Figure 4.
Proposed SARS-CoV-2 cell entry mechanism regulated by PDZ-mediated interaction
(A) β-Arrestin 1 or β-arrestin 2 binds to ACE2 with nearly equivalent affinity. FLAG-β-arrestin 1 or 2 was transiently coexpressed in HEK293 GnTI cells with Myc-ACE2. The cleared cell lysates were incubated with anti-c-Myc agarose beads. Proteins are eluted by 2x Laemmli sample buffer (Bio-Rad) supplemented with β-mercaptoethanol and detected by western blotting using the indicated specific antibodies (left panel). β-Actin was used as a loading control. The molecular markers are indicated in kDa on the right. Given the equivalent expression of myc-ACE2 observed in the cell lysate and immunoprecipitates, pull-down of β-arrestin 1 or β-arrestin 2 by myc-ACE2 was quantified by normalizing the signal intensities to their individual lysate expression, respectively (right panel). Error bars indicate SD.

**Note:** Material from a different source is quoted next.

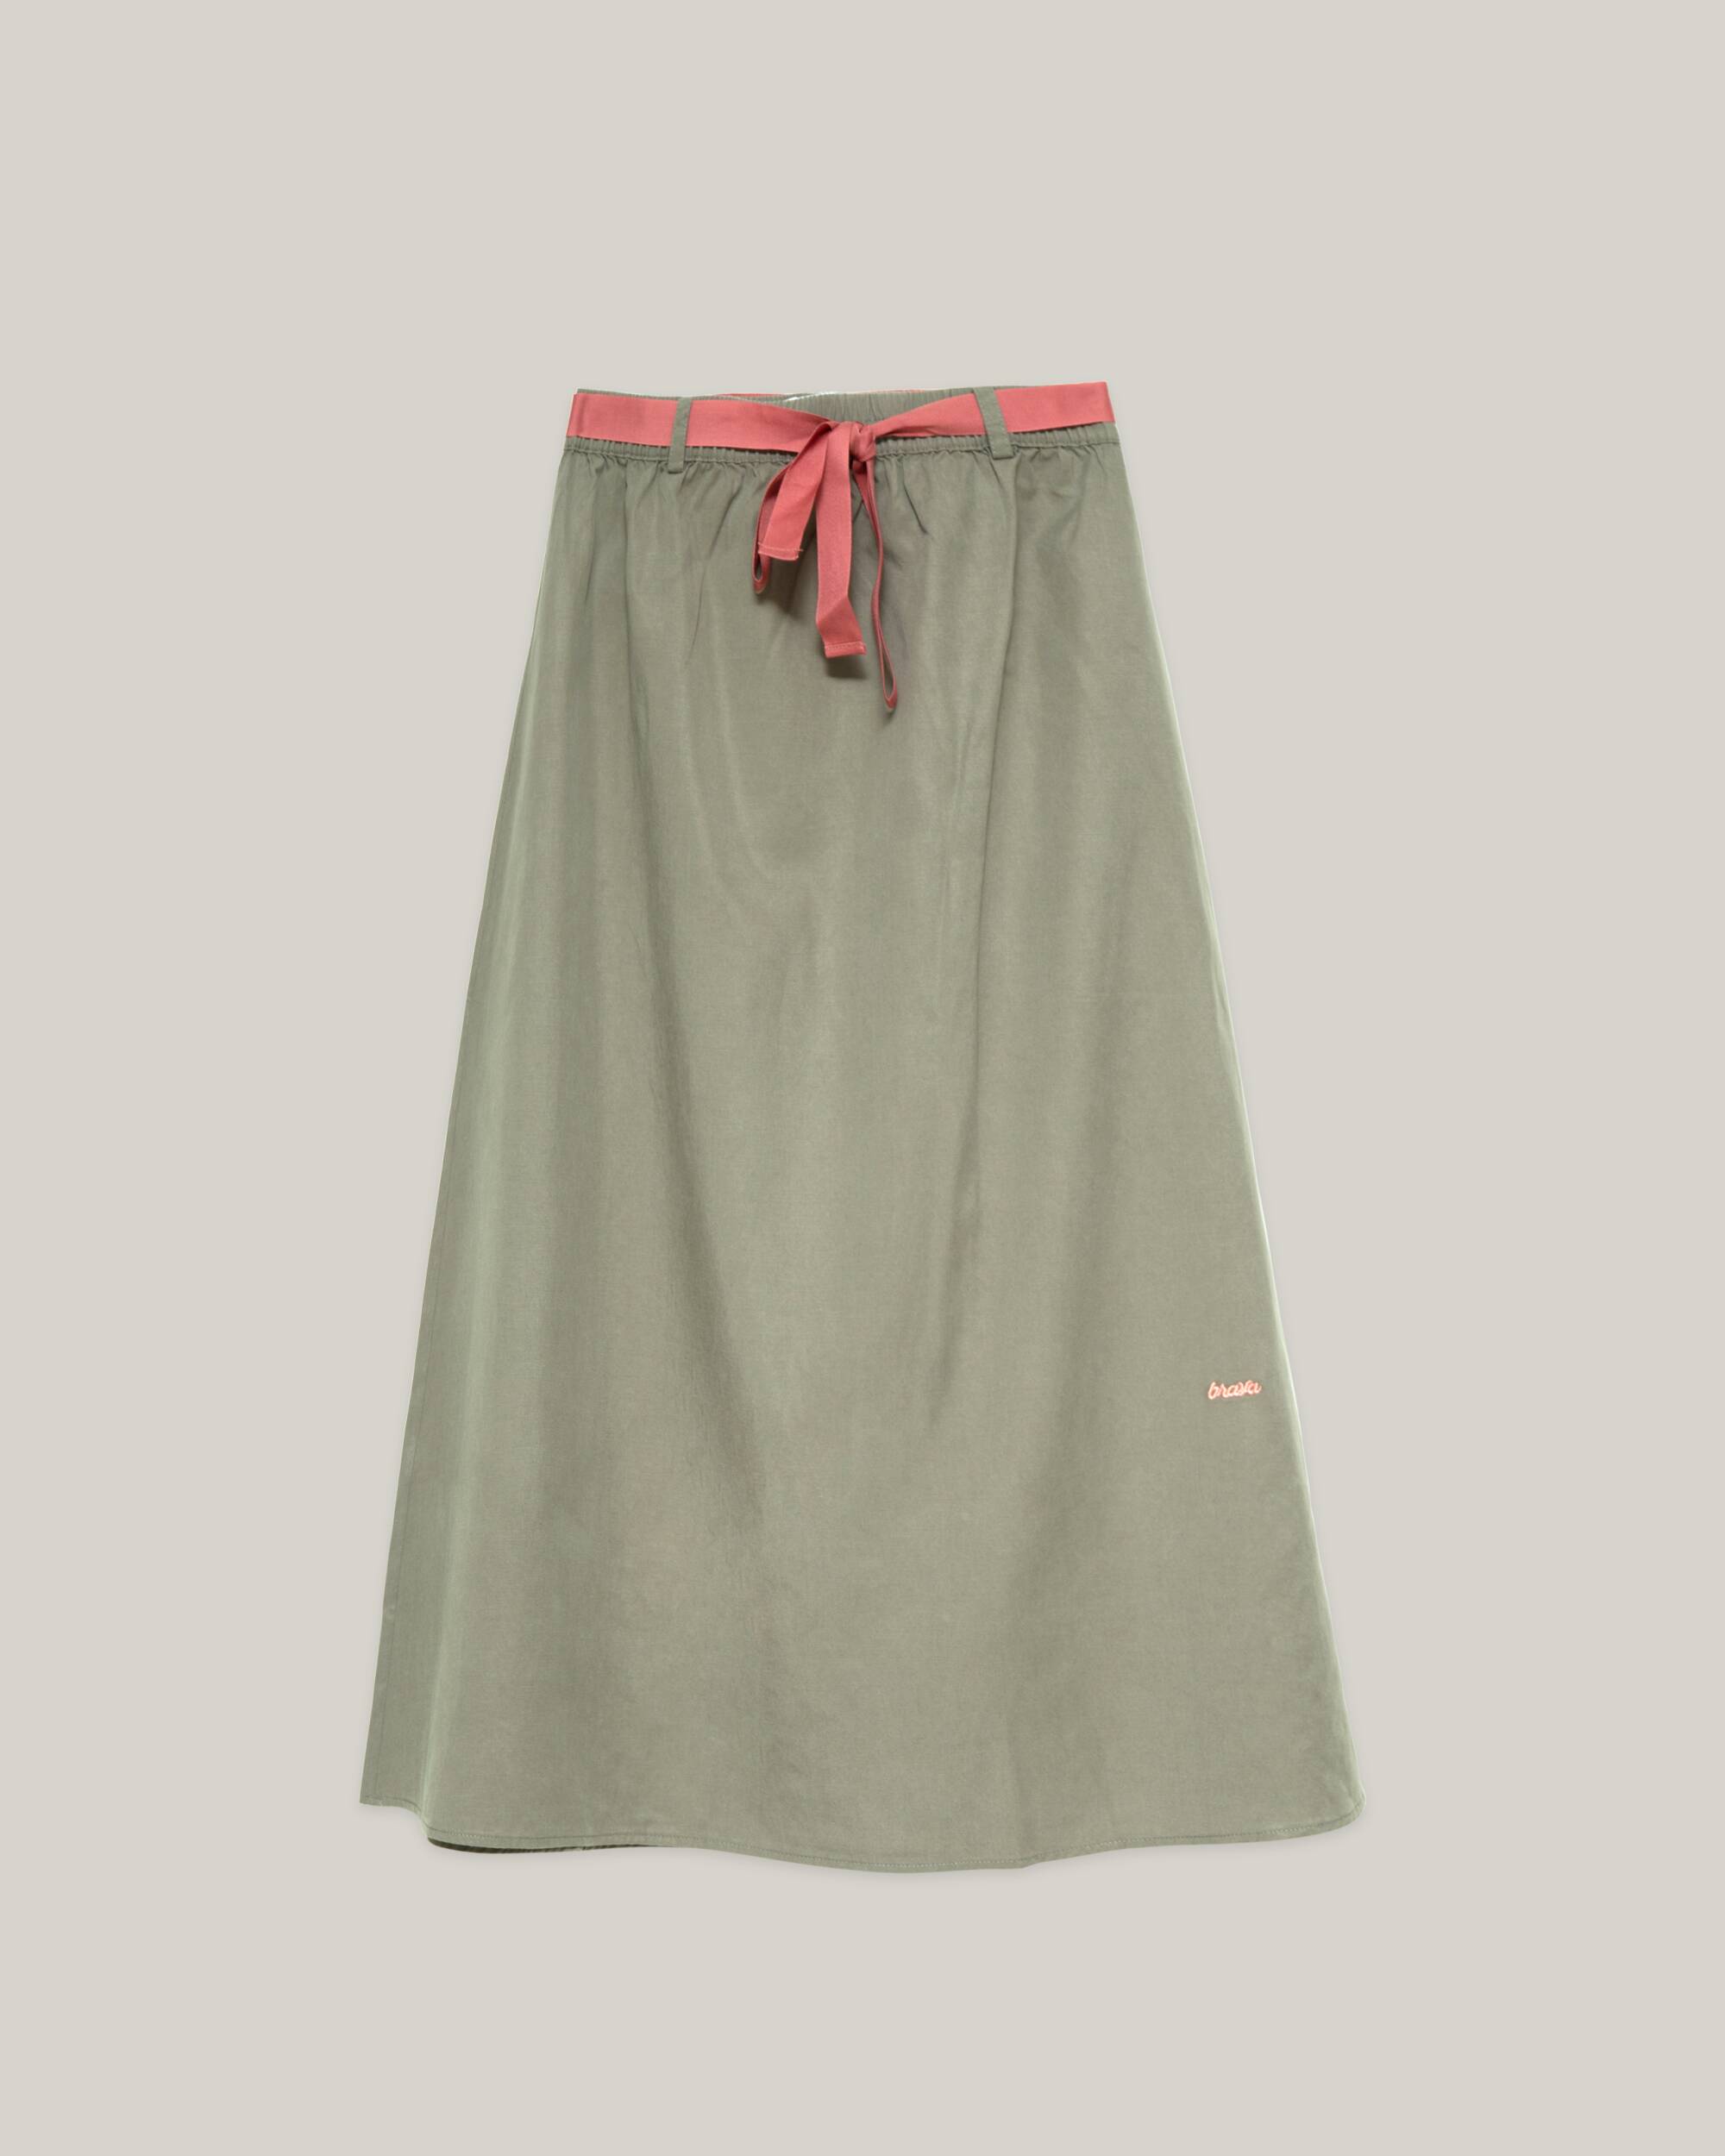 Green Elba skirt made of Tencel, organic cotton and Euro flax linen from Brava Fabrics

(B) NHERF1 is not required to promote ACE2 dimerization. FLAG-NHERF1 and Myc-ACE2 were transiently transfected into HK2 cells. Forty-eight hours post transfection, the cell lysates were cleared by centrifugation and incubated with anti-c-Myc agarose beads (only the sample in the lower left panel was prepared using anti-FLAG agarose beads and therefore eluted by 3x FLAG peptide). Purified proteins by c-Myc peptide elution were detected by the indicated antibodies. The boxed blots in red are from SDS-PAGE (top panel) and the blots in the lower panel are from blue native PAGE performed as described before (Dewson, 2015). Molecular weights are indicated at the right side of the blots. In the lower right panel, the same samples were loaded in the first and third lane to better show the slight difference of protein size from different samples.
(C) Sequence alignment of ACE2 and NRP1 from SARS-CoV-2 hosts human (Protein ID: NP_001358344.1 for ACE2 and ADN93470.1 for NRP1) and bat (Protein ID: NP_001231902.2 for ACE2 and KAF6372190.1 for NRP1). Human and bat ACE2/Ace2 and NRP1/Nrp1 are used because they are primary hosts of SARS-CoV-2 (Burki, 2020). Both identified SARS-CoV-2 receptors are single-pass transmembrane proteins and have a typical type I PDZ-binding motif (QTSF and YSEA) implying a possible common mechanism by which NHERF1 regulates SARS-CoV-2 receptor internalization. The single-pass transmembrane regions are colored in red, and the intracellular C-terminal tail is colored in blue. The conserved serine and threonine residues are indicated by asterisks and are likely to be potential phosphorylation sites denoted by an encircled P. These sites may mediate SARS-CoV-2 receptor binding to β-arrestin as in the case of β2AR, where the phosphorylated receptor C terminus is required for binding to β-arrestin and receptor internalization (Nobles et al., 2011).
(D) NHERF1 functions in ACE2-mediated SARS-CoV-2 cell entry in lung, kidney, and intestine and possibly NRP1-mediated virus entry in brain. NHERF1 enhances plasma membrane localization of B0AT1-stabilized ACE2 receptor and regulates its internalization and hence, ACE2-mediated SARS-CoV-2 cell entry. Except NHERF1, the virion-receptor complex also requires β-arrestin to facilitate its internalization process in which clathrin is involved. Once internalized, SAS-CoV-2 is either degraded in lysosomes (pink arrow) or released into the cytosol where the viral genomic RNA is released and immediately translated into viral RNA polymerase. The ACE2 receptor may be recycled back to the plasma membrane. Viral RNA genome and its structural nucleocapsid protein is replicated and synthesized in the cytoplasm. Other viral structural proteins are translated in the endoplasmic reticulum and further glycosylated in the Golgi. Mature progeny virions are then formed and bud out from plasma by exocytosis.